By mandu77 @Adobe Stock

Breck Dumas of Fox Business reports that the lack of available charging infrastructure and the high total cost of owning an EV were the two main reasons almost half of EV owners plan to switch back to gasoline-powered vehicles. Dumas writes:

McKinsey & Co.’s Mobility Consumer Pulse for 2024, released this month, found that 46% of EV owners in the U.S. said they were “very” likely to switch back to owning a gas-powered vehicle in their next purchase.

“I didn’t expect that,” the head of McKinsey’s Center for Future Mobility, Philipp Kampshoff, told Automotive News. “I thought, ‘Once an EV buyer, always an EV buyer.'”

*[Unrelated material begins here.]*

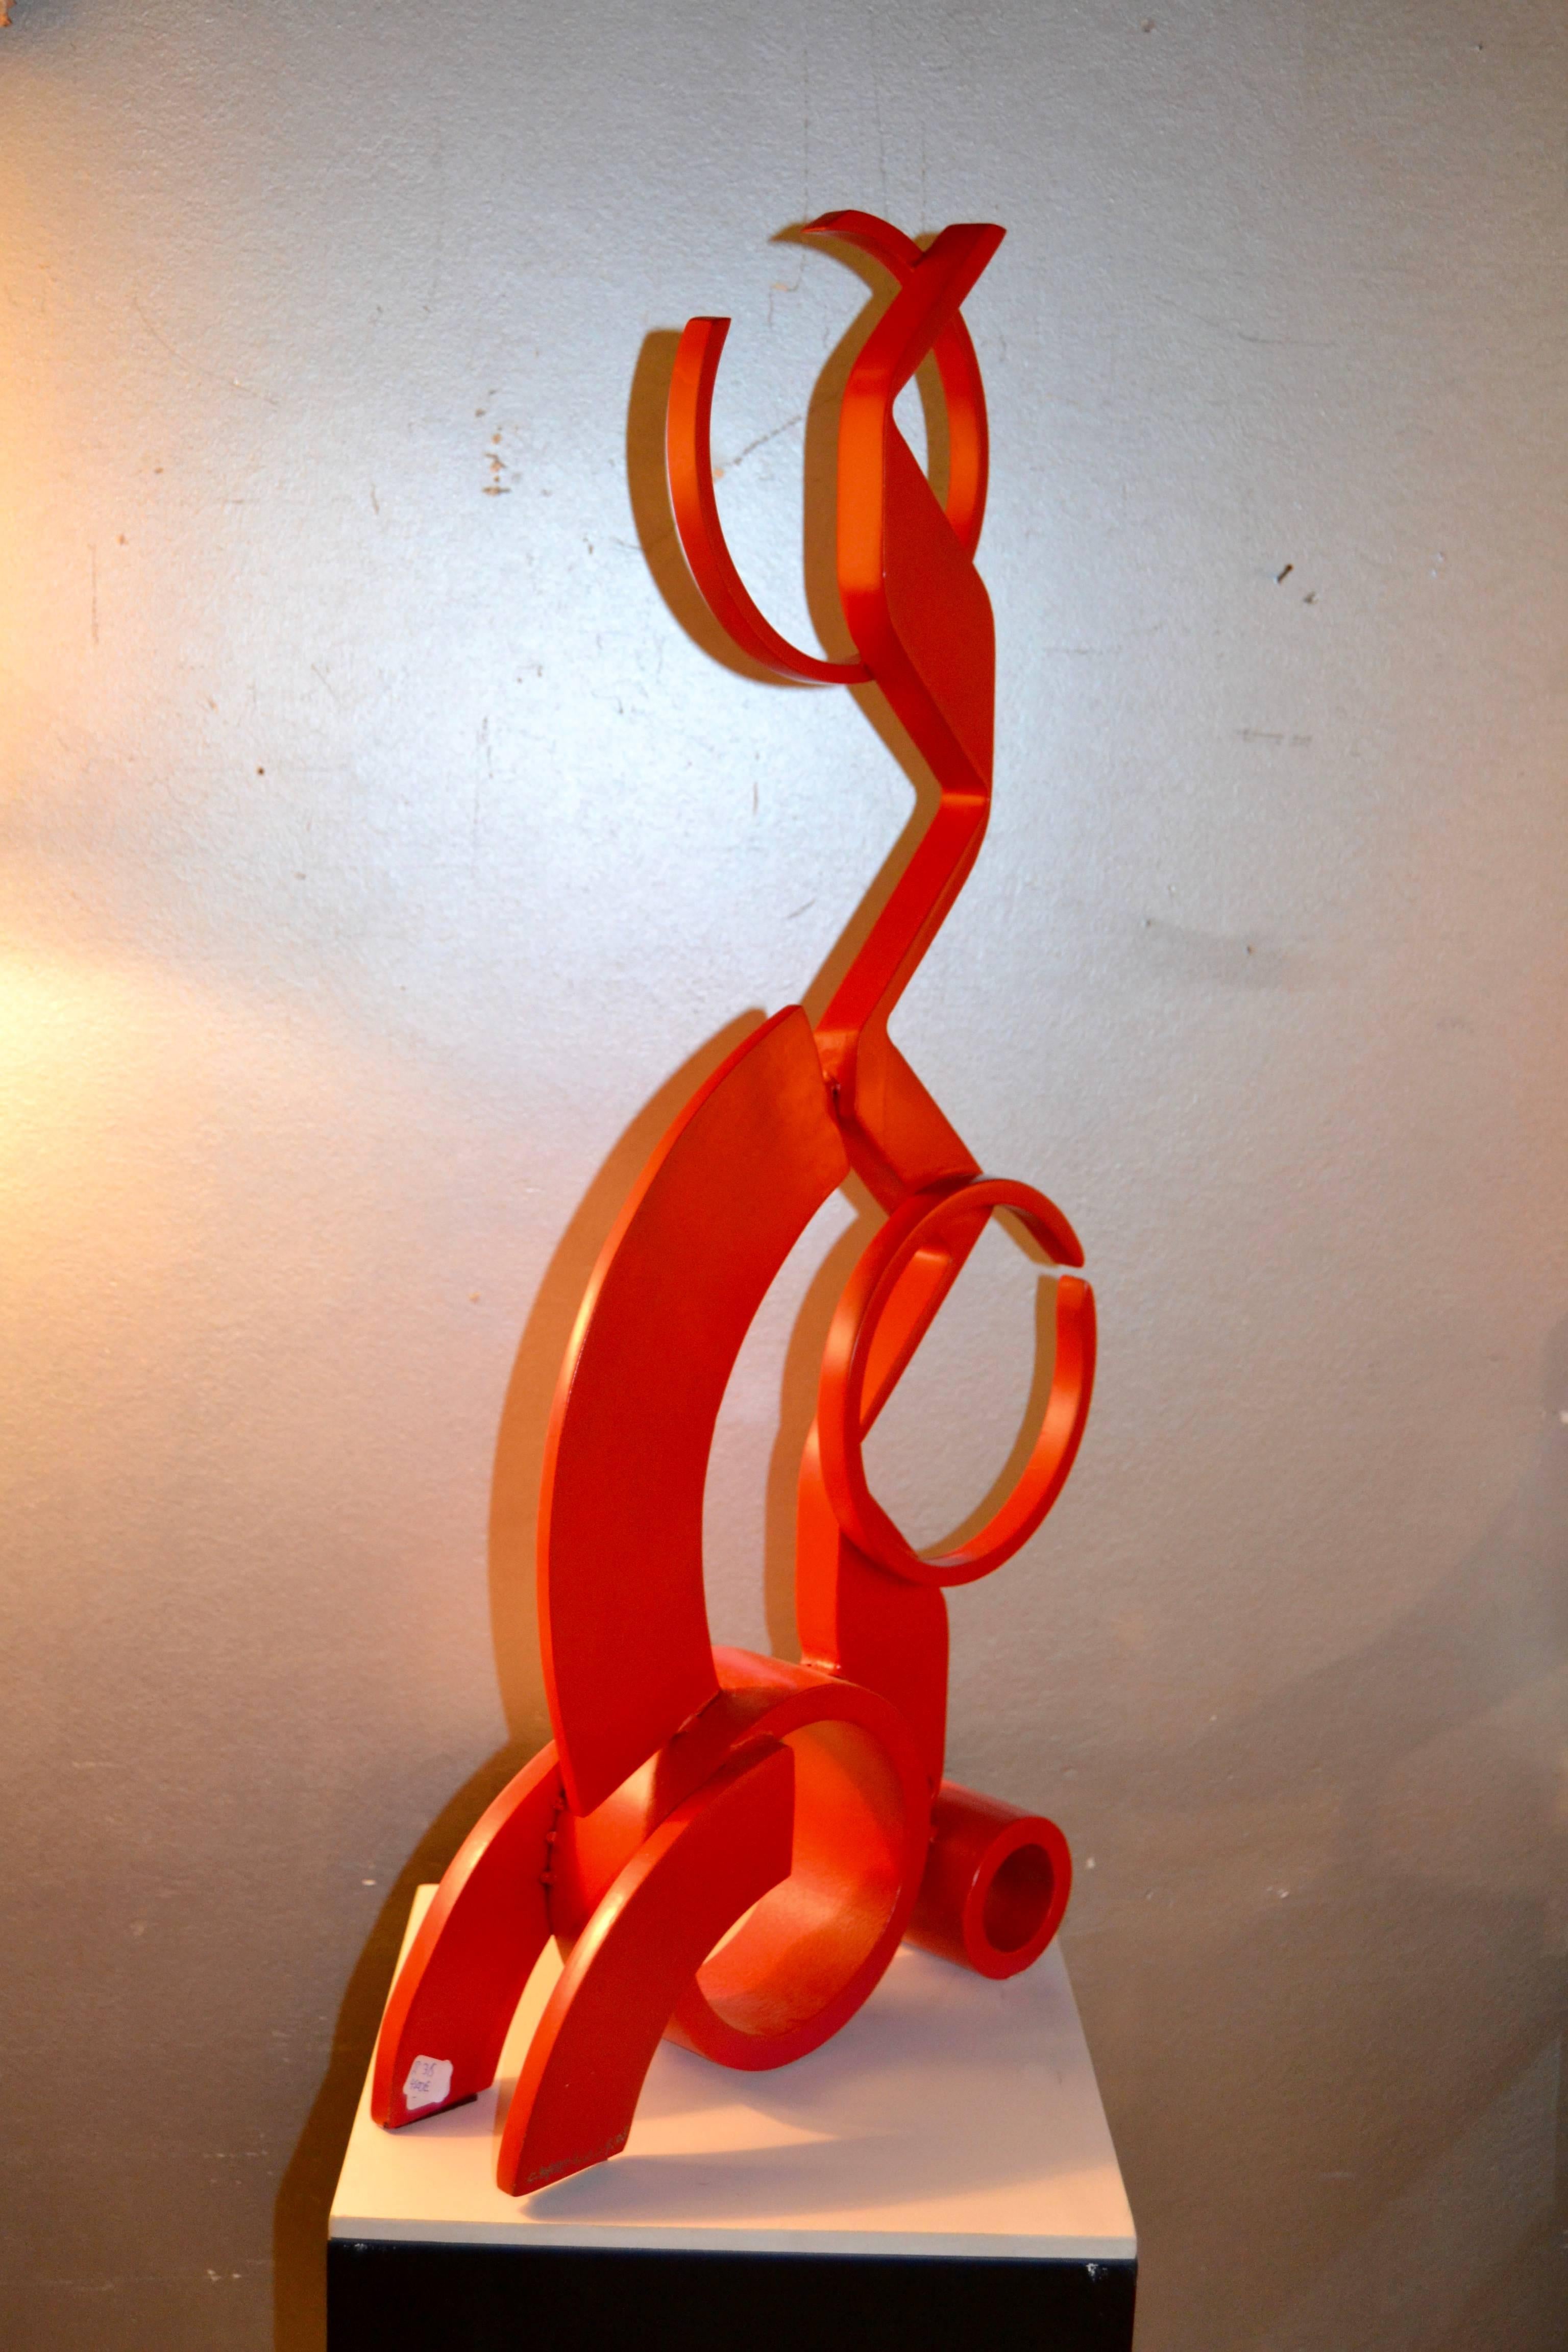 Red Steel Sculpture by Caporicci 1
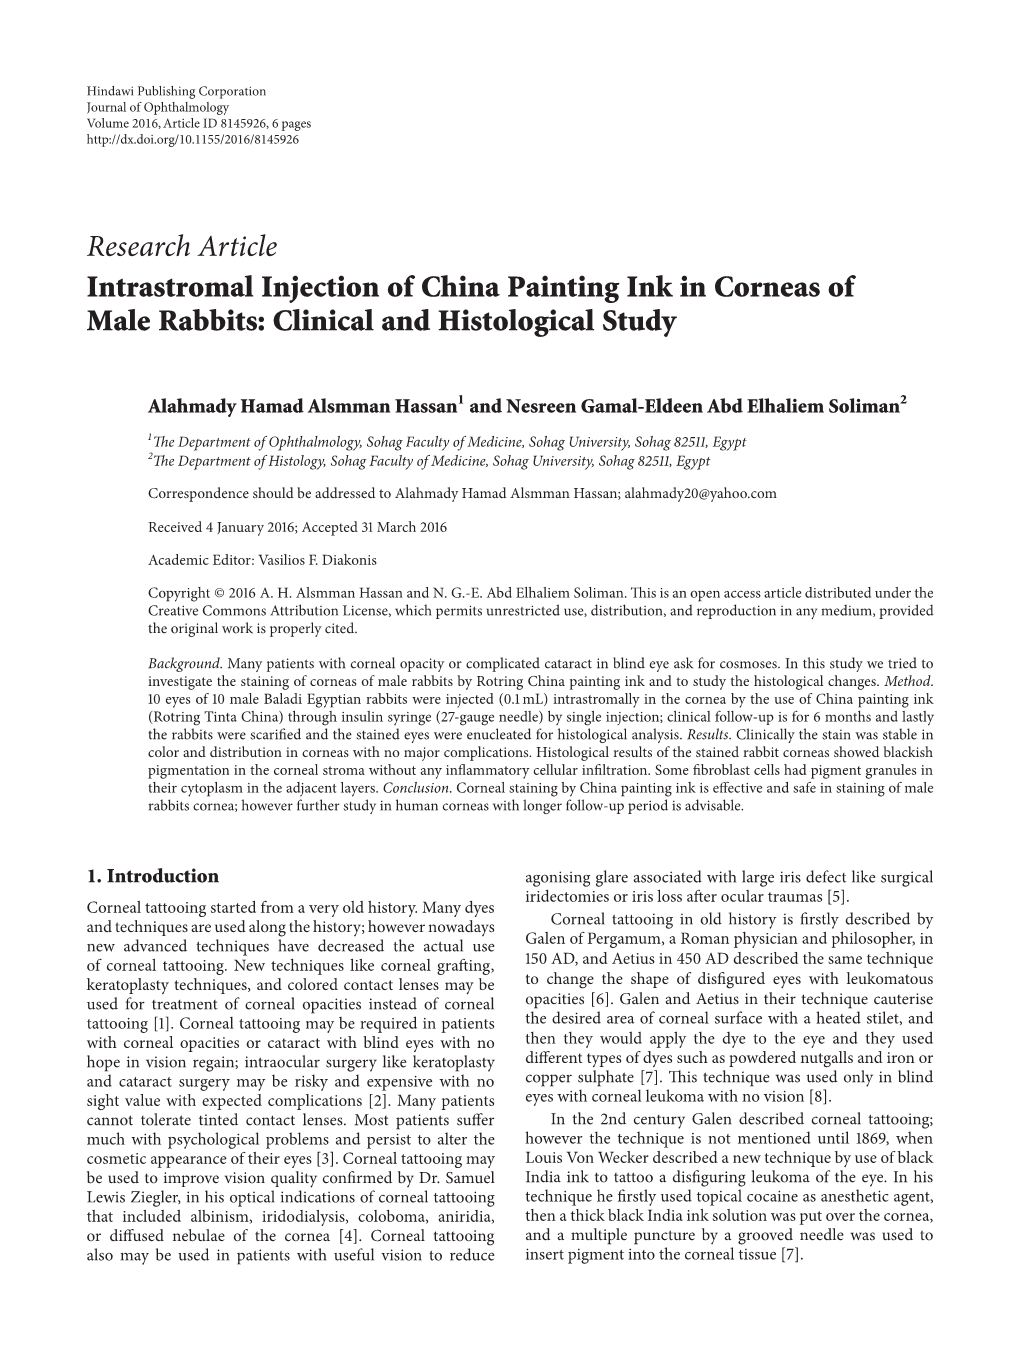 Intrastromal Injection of China Painting Ink in Corneas of Male Rabbits: Clinical and Histological Study

In the poll of nearly 37,000 consumers worldwide, Australia was the only country with a greater percentage, 49%, of EV owners than the U.S. who said they were ready to return to owning an internal combustion engine. […]

The biggest reason EV owners cited for wanting to return to owning a gas-powered vehicle was the lack of available charging infrastructure (35%); the second-highest reason cited was that the total cost of owning an EV was too high (34%). Nearly 1 in 3, 32%, said their driving patterns on long-distance trips were affected too much due to having an EV. […]

To further Biden’s EV agenda, Democrats passed infrastructure legislation in 2021 that committed billions of taxpayer dollars to building a half million charging stations in the U.S. by the end of the decade.

But three years later, only seven federally funded chargers have been built to date, and the slow progress has sparked condemnation from both sides of the political aisle.